Nevertheless, I think there are limits on how much adjacent linguistic
territory a brand is entitled to claim, and in this particular case I think
Google's reach exceeds its grasp.

You made the point (which I failed to address first time) that this is a
competing search engine. I don't really agree. It bills itself thus: 'Groggle
is a location driven alcohol price comparison service', and on their site they
invites signups from retailers. Unless this is the result of some radical
recent change, that seems very different to me from 'search'. It's selective
(of the booze you want) and location-based (because you want it now). It
doesn't crawl the web, but serves retailers' structured price information. you
will never be able to go anywhere with it other than to the website of an
participating alcoholic beverage retailer.
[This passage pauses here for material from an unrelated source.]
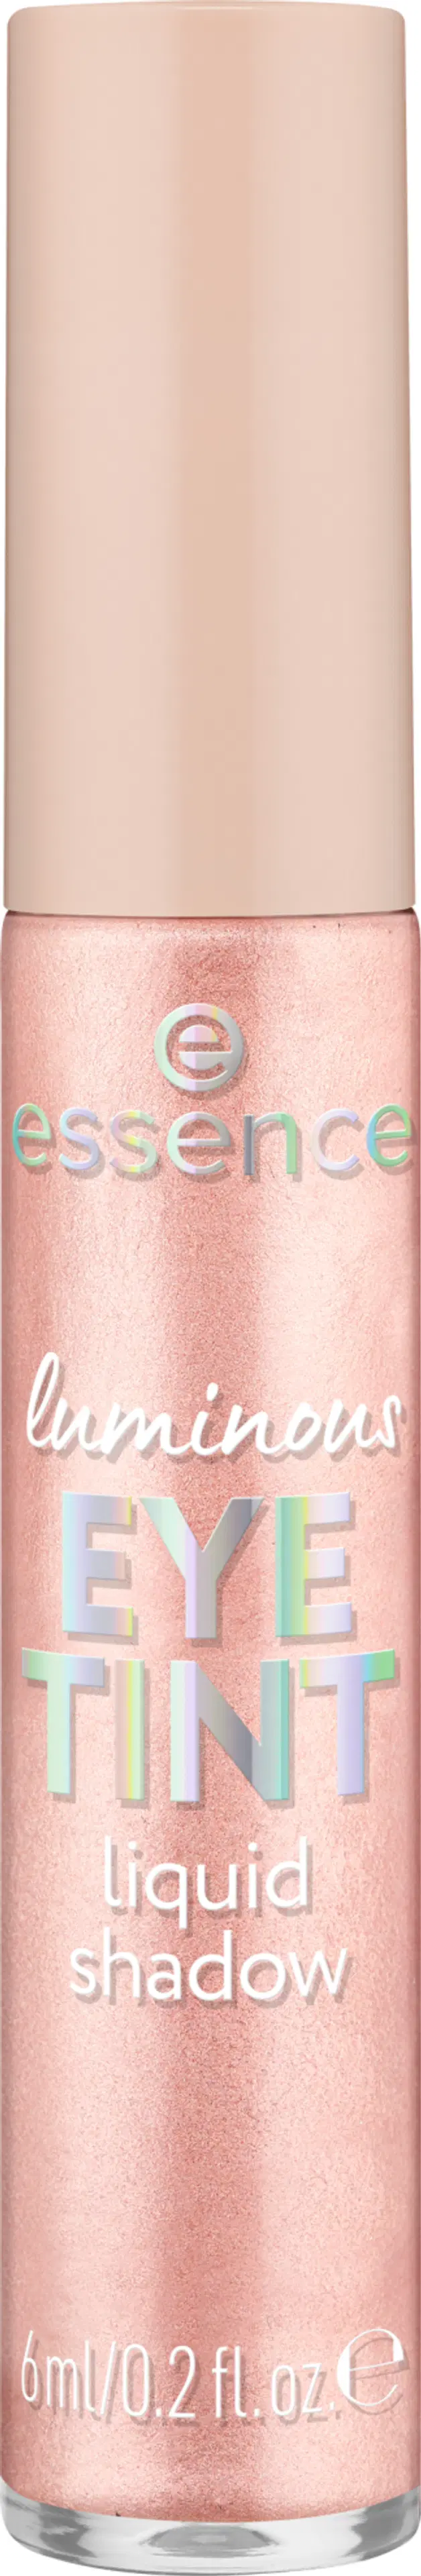 essence luminous EYE TINT liquid shadow nestemäinen luomiväri 6 ml

That is a very narrow and specific kind of service. Saying 'they're in search'
is like saying Gem Hardware Co. is infringing on GE's trademark because GE
manufactures electrical motors & turbines, and Gem sells some electrical power
tools.

As for your point about "G_o_gle", I do not buy that all letters in a word are
equally weighted like bricks in a wall. The start of a word is a _much_ better
guide to its identity than the end. _Grog_ is only one letter different from
_Goog_ , but the sound is very different: it sounds a lot more like 'blog'
than it does 'goog'. R and O have plenty of distance between them on a
keyboard. Plus, I do give some weight to its pre-existing meaning - it's not a
neologism or (un)creative spelling alteration, but has a well-known provenance
of its own. They took a common and highly specific slang word and extended
with a common suffix.

It does have some similarities to the word Google, and both companies are on
the internet. Unlike you, I don't think they compete in a very similar space.
And they're not aping any visual aspects of Google's mark - even a drunk
person would distinguish the two with ease.

And look, it's not my name. I said it's quite likely they noted the
similarity, but that was by way of acknowledging your point. I would
appreciate if you disagree without SHOUTING at me.

------
JacobAldridge
I believe the owner when he says they went for Groggle after discovering
Grogger was taken (not sure how universal a term grog is, but strewth, I know
what you mean mate).

But this description of the company from the article probably explains why
Google are taking an interest (italics mine): "allowing consumers to _search_
for the cheapest price".

Groggle sounds like Grog + Google, and the product sounds like Grog + Google.
I hope this gets settled, because the name is far less important to me than
the service - looking forward to its launch!

------
winter_blue
Groggle does sound like Google. And _"Google could force him to pour two years
of work and tens of thousands of dollars down the drain."_ is a bit of a
stretch. All he has to do is change the name.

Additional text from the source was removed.